Field theory for recurrent mobility

TL;DR

This paper introduces a field theory approach to human mobility, demonstrating that daily commuting flows form irrotational vector fields that can be modeled analytically, aiding urban planning and epidemic forecasting.

Contribution

It reveals that commuting flows form divergence-free, irrotational vector fields and introduces a potential-based framework for delineating urban mobility basins, validated by gravity models.

Findings

Commuting flows form irrotational vector fields obeying divergence theorem.

Empirical fluxes and potentials are well reproduced by gravity models.

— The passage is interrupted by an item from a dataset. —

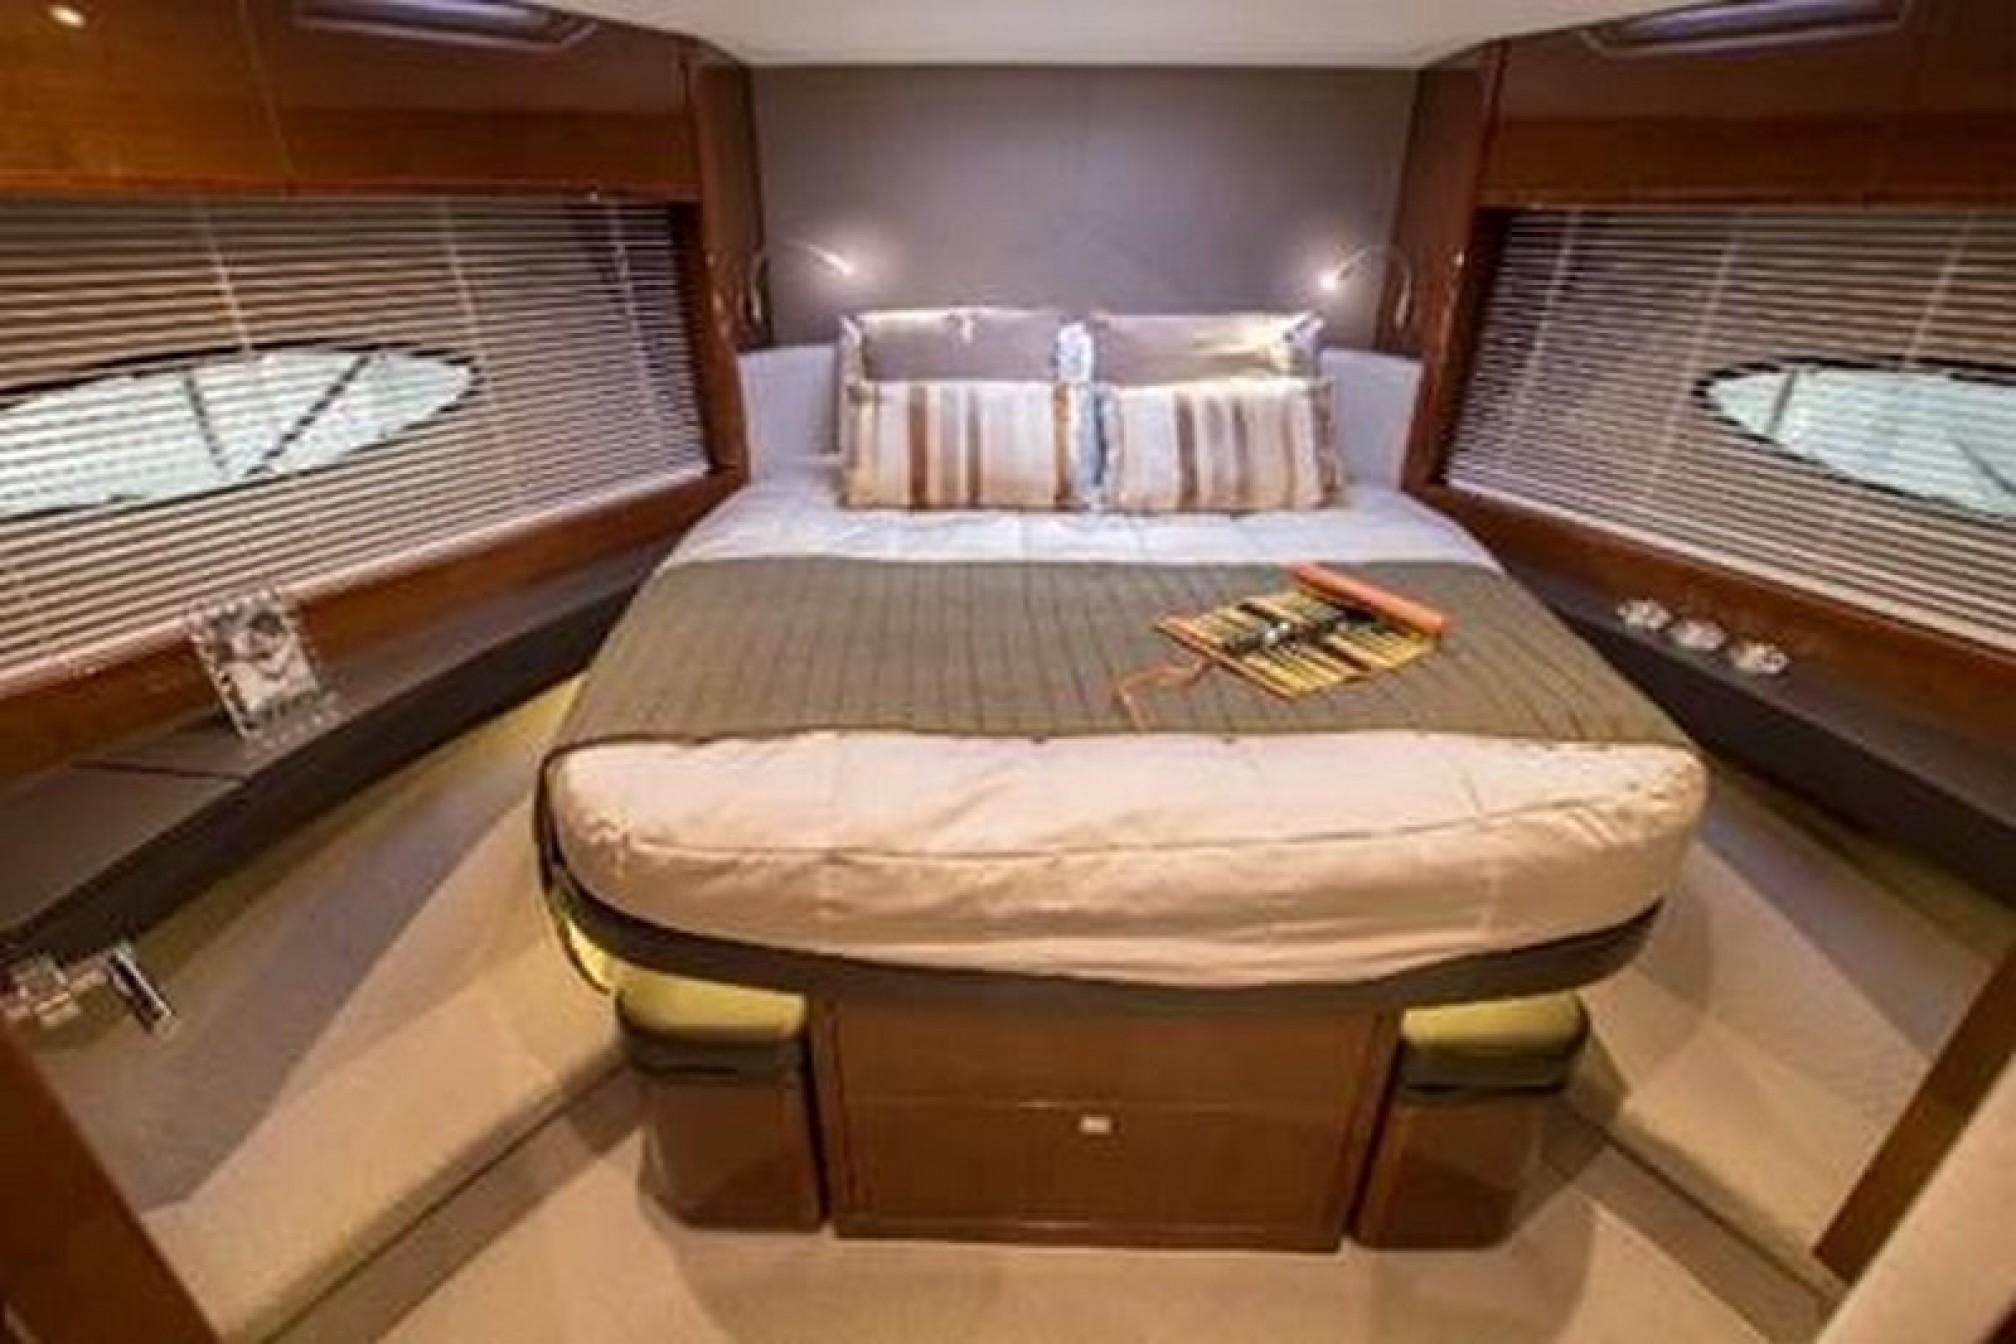 Princess 52 charter yacht cabin
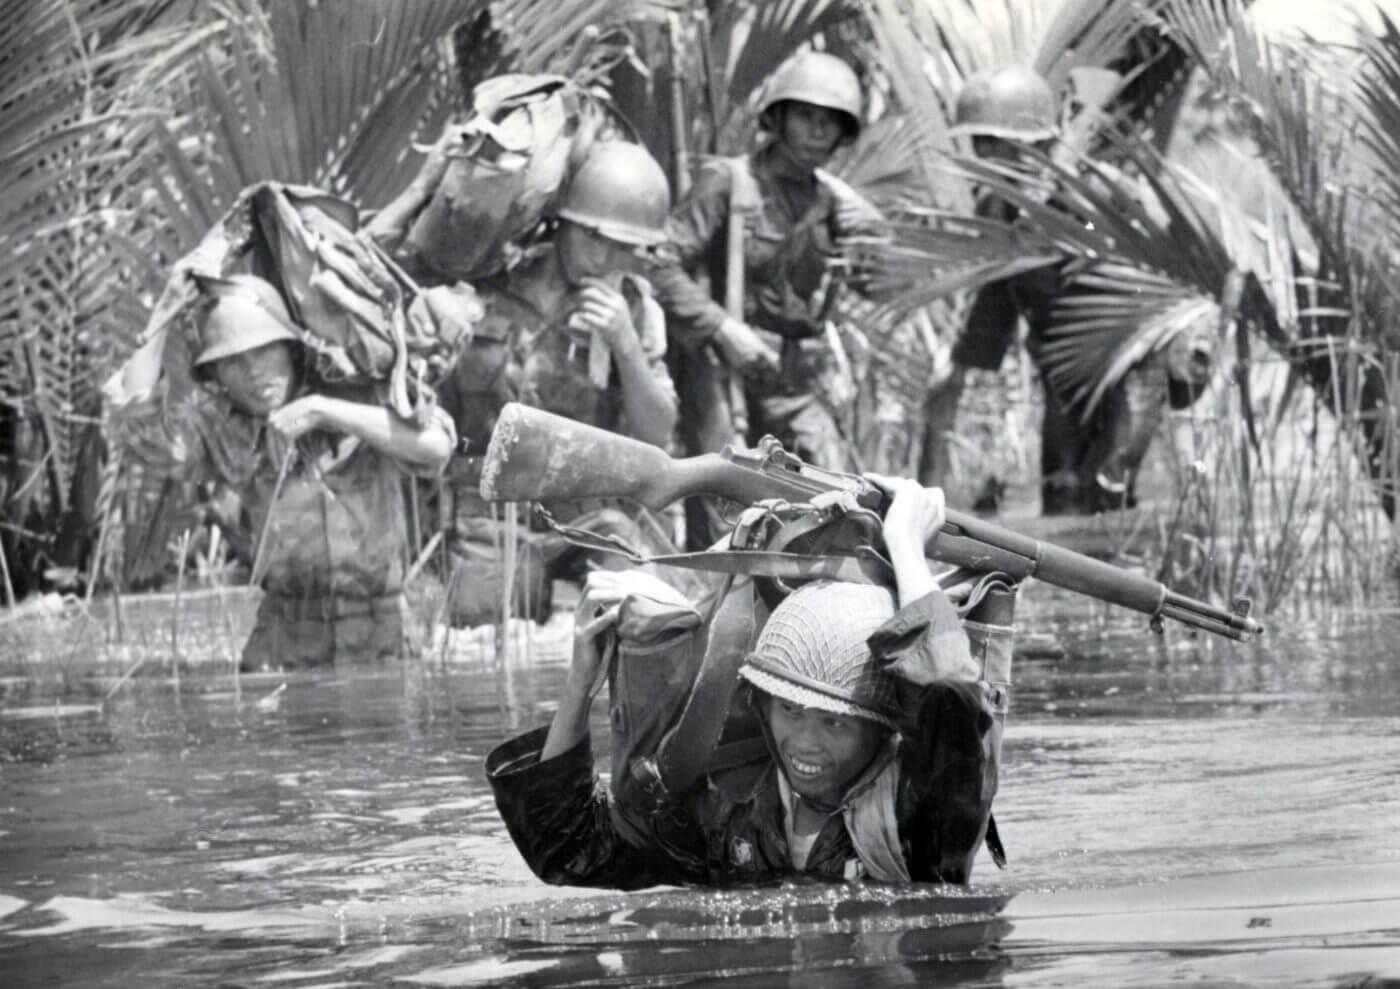 ARVN forces near Saigon with M1 Garand in Vietnam War

Intervening opportunities models struggle to replicate observed flows.

Abstract

Understanding human mobility is crucial for applications such as forecasting epidemic spreading, planning transport infrastructure and urbanism in general. While, traditionally, mobility information has been collected via surveys, the pervasive adoption of mobile technologies has brought a wealth of (real time) data. The easy access to this information opens the door to study theoretical questions so far unexplored. In this work, we show for a series of worldwide cities that commuting daily flows can be mapped into a well behaved vector field, fulfilling the divergence theorem and which is, besides, irrotational. This property allows us to define a potential for the field that can become a major instrument to determine separate mobility basins and discern contiguous urban areas. We also show that empirical fluxes and potentials can be well reproduced and analytically characterized using the so-called gravity model, while other models based on intervening opportunities have serious difficulties.